The autoantibody C3 nephritic factor stabilizes the alternative pathway C3 convertase (C3Bb), which results in uncontrolled C3 activation and consumption of complement proteins. The resultant ongoing complement activation can lead to membranoproliferative glomerulonephritis due to complement-containing deposits in the glomerular basement membrane.3
Acquired C1-INH deficiency presents with similar symptoms as hereditary angioedema. This acquired form of angioedema is caused by decreased C1-INH levels, either by increased consumption or increased activation of C1-INH. Decreased quantitative or functional C1-INH levels, low C1q, and no notable family history is diagnostic of acquired C1-INH deficiency. This disorder is often associated with B-cell lymphoproliferative disorders and rarely with autoimmune conditions.14
Terminal complement inhibitors eculizumab and ravulizumab bind to C5 with high affinity and prevent C5 cleavage to C5a and C5b, thereby inhibiting the formation of the MAC complex. These monoclonal antibodies are used in the treatment of paroxysmal nocturnal hemoglobinuria and atypical hemolytic uremic syndrome to prevent terminal complement-mediated intravascular hemolysis.15,16 Patients on these medications are at increased risk of serious infections from N. meningitidis.15
DIAGNOSIS OF CDs
Diagnostic evaluation of CDs involves screening the function of each activation pathway, measuring individual protein concentrations, and measuring functional activity of the component in question.3,17 With recent expansion in the field of complement analysis, novel assays have been developed to better detect complement activation products and genetic mutations associated with defined diseases.18
When evaluating a suspected CD, screening begins with functional assays.19 Currently, total hemolytic complement (CH50) and alternative complement activity pathway (AH50) assays are commercially available to detect total complement activity for the classic and alternative pathways, respectively (Table 1).3,18 Functional enzyme-linked immunosorbent assay (ELISA) assays are available for screening the lectin pathway. C1-INH functional assay and quantitative levels of C1-INH, C4, and C1q are used to screen for hereditary angioedema.3 Blood samples should be properly collected and stored because inappropriately handled specimens can limit complement evaluation, potentially leading to falsely low results.18 If functional testing with CH50 and AH50 are normal, then further testing is usually not indicated.
Table 1.
Diagnosis of complement defects based on laboratory evaluation*
| Low CH50, Normal AH50 | Normal CH50, Low AH50 | Low CH50, Low AH50 |
|---|---|---|
| C1q deficiency | Factor B deficiency | C3 deficiency |
| C1r deficiency | Factor D deficiency | C5 deficiency |
| C1s deficiency | Properdin deficiency | C6 deficiency |
| C2 deficiency | C7 deficiency | |
| C4 deficiency | C8α deficiency | |
| C1 inhibitor deficiency | C8β deficiency | |
| C8γ deficiency | ||
| C9 deficiency | ||
| Factor H deficiency | ||
| Factor I deficiency |
CH50 = Total hemolytic complement; AH50 = alternative complement activity pathway.

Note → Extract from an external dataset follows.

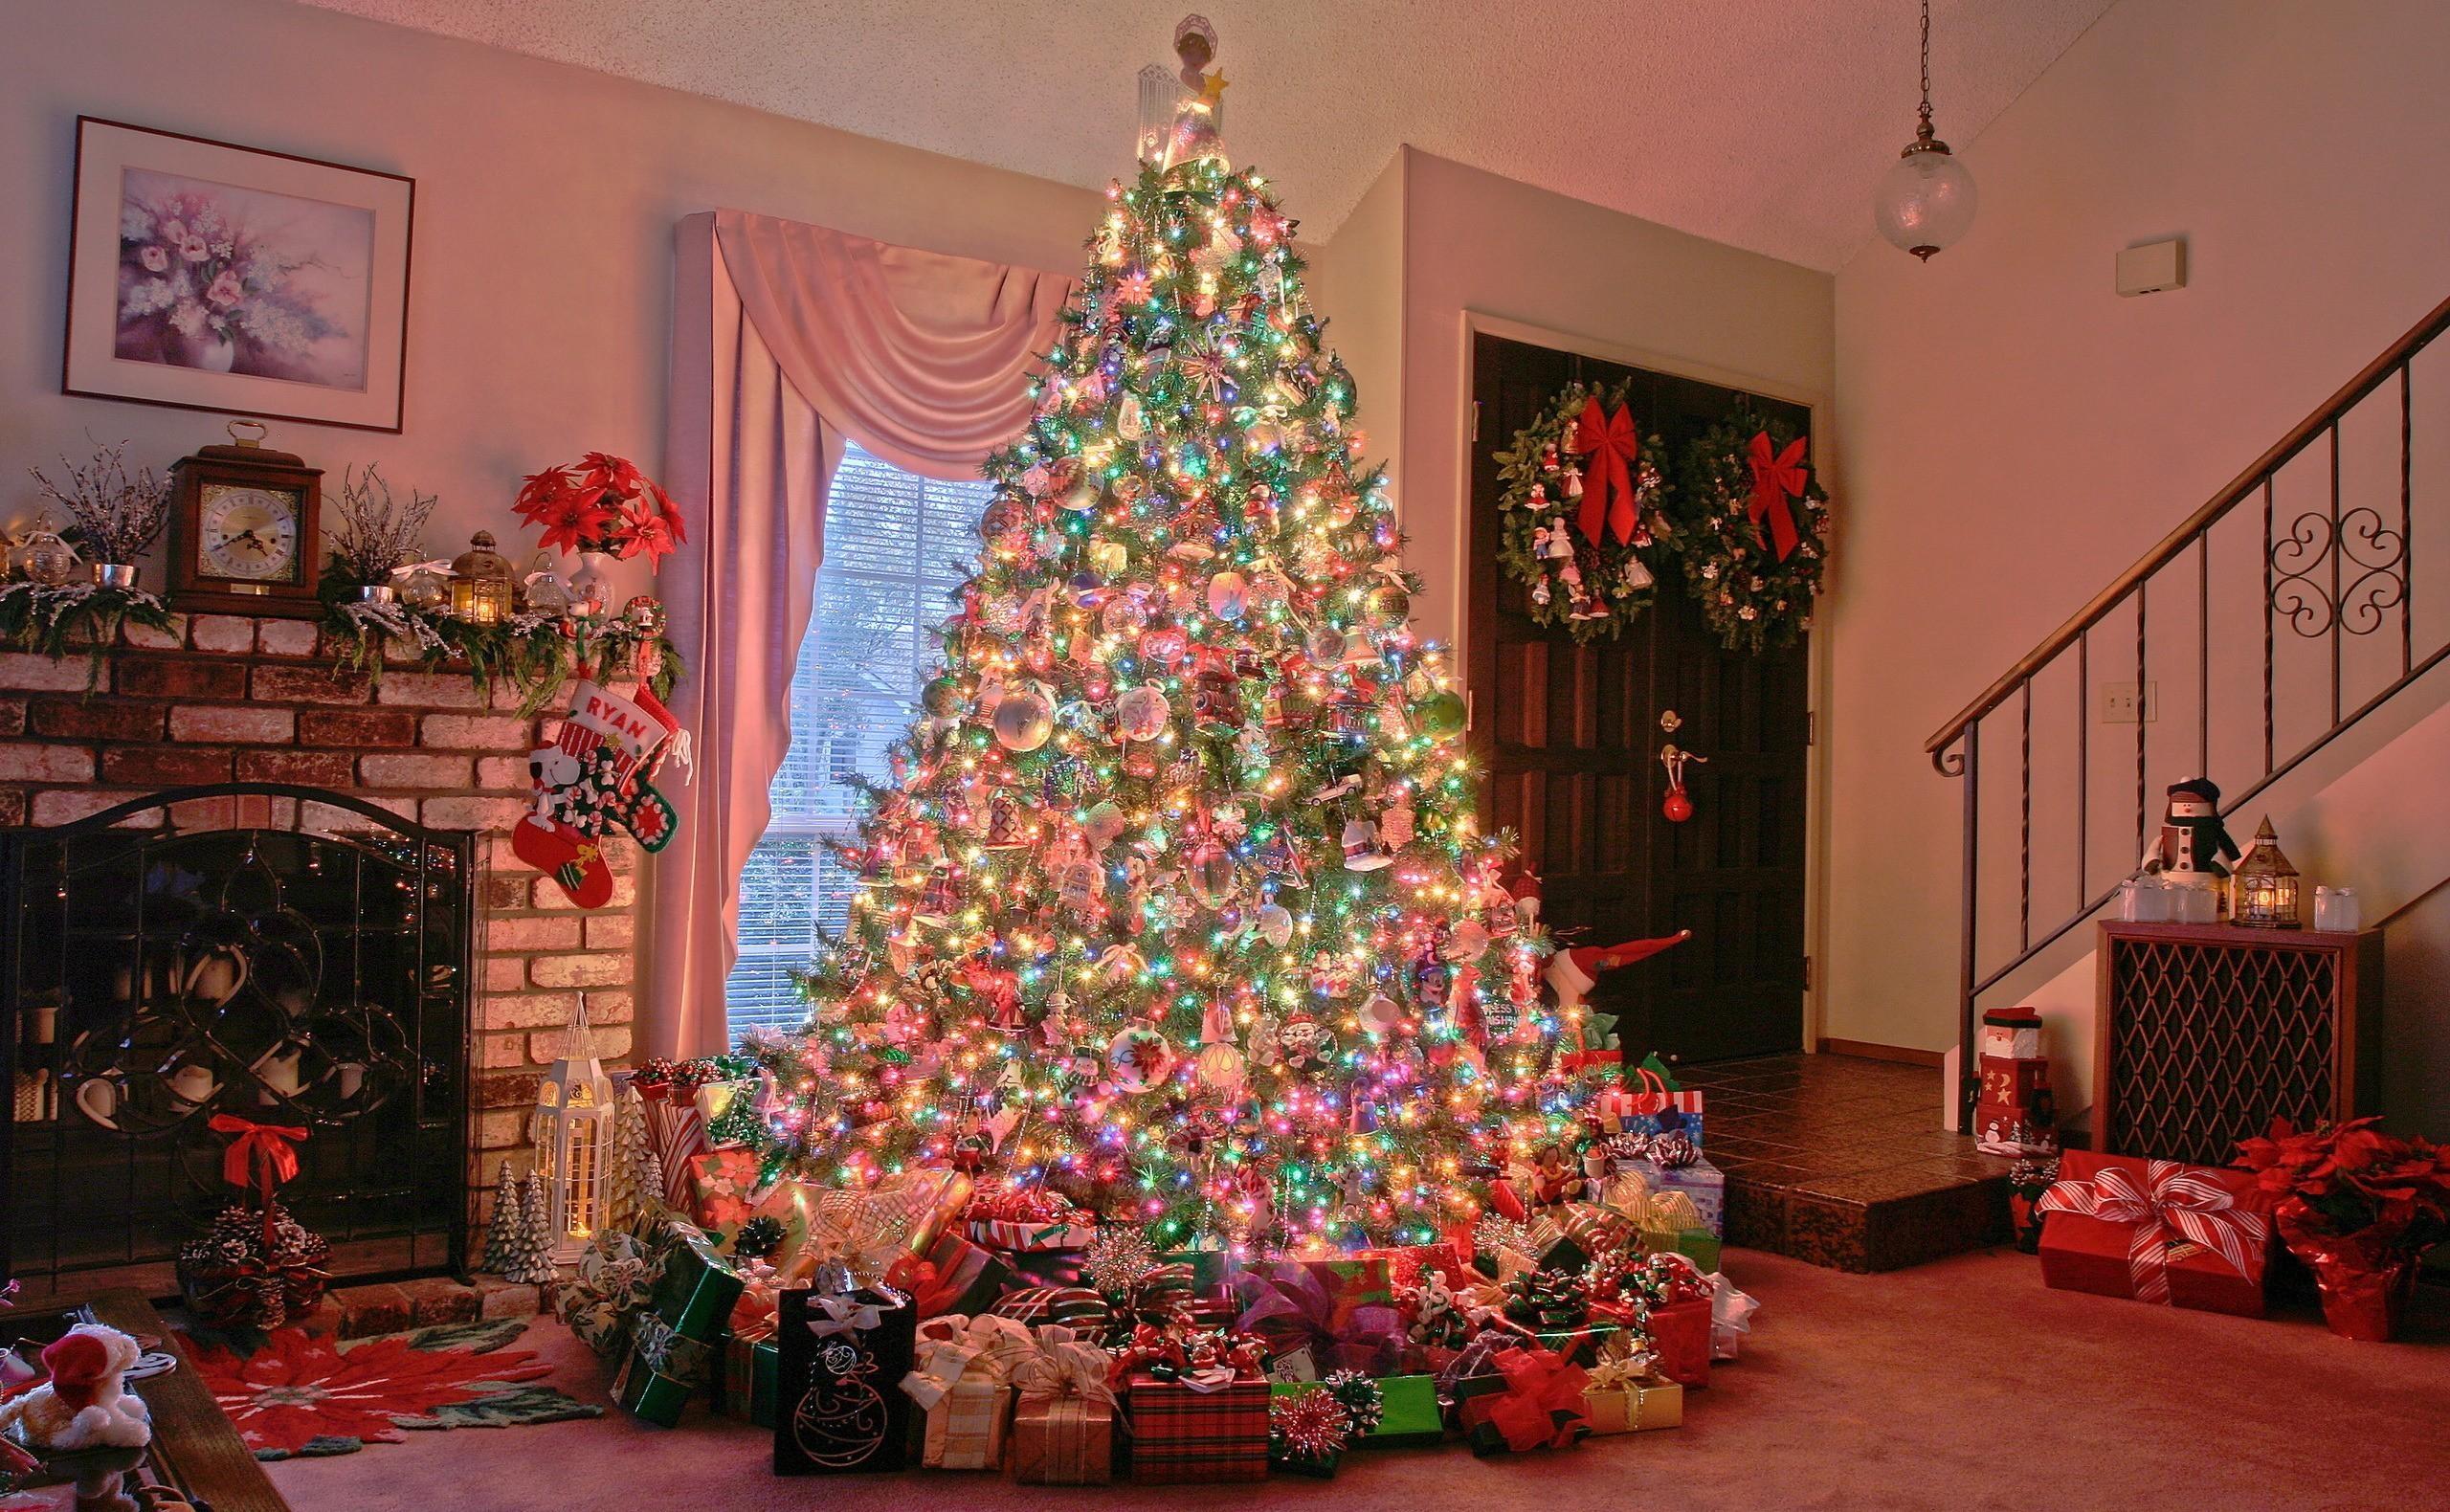 97686 Hintergrundbild herunterladen Feiertage, Weihnachten, Urlaub, Haus, Weihnachtsbaum, Kamin, Die Geschenke, Geschenke - Bildschirmschoner und Bilder kostenlos

*Adapted from Refs. 3 and 16.
Once a defect is confirmed, further analysis should commence to determine whether the defect is from a component deficiency, regulator deficiency, or a consequence of activation and consumption of products. To confirm a specific component or regulator deficiency, individual factor concentrations can be measured via immunoassays. Currently available techniques include immunoprecipitation, ELISA, or Western blot.3,17 Measurement of split products and macromolecular complexes, e.g., the C5-9 terminal complex, can also be used to detect activation products.3 However, testing for individual complement components, with the exception of C2, C3, and C4, is typically available only in reference laboratories.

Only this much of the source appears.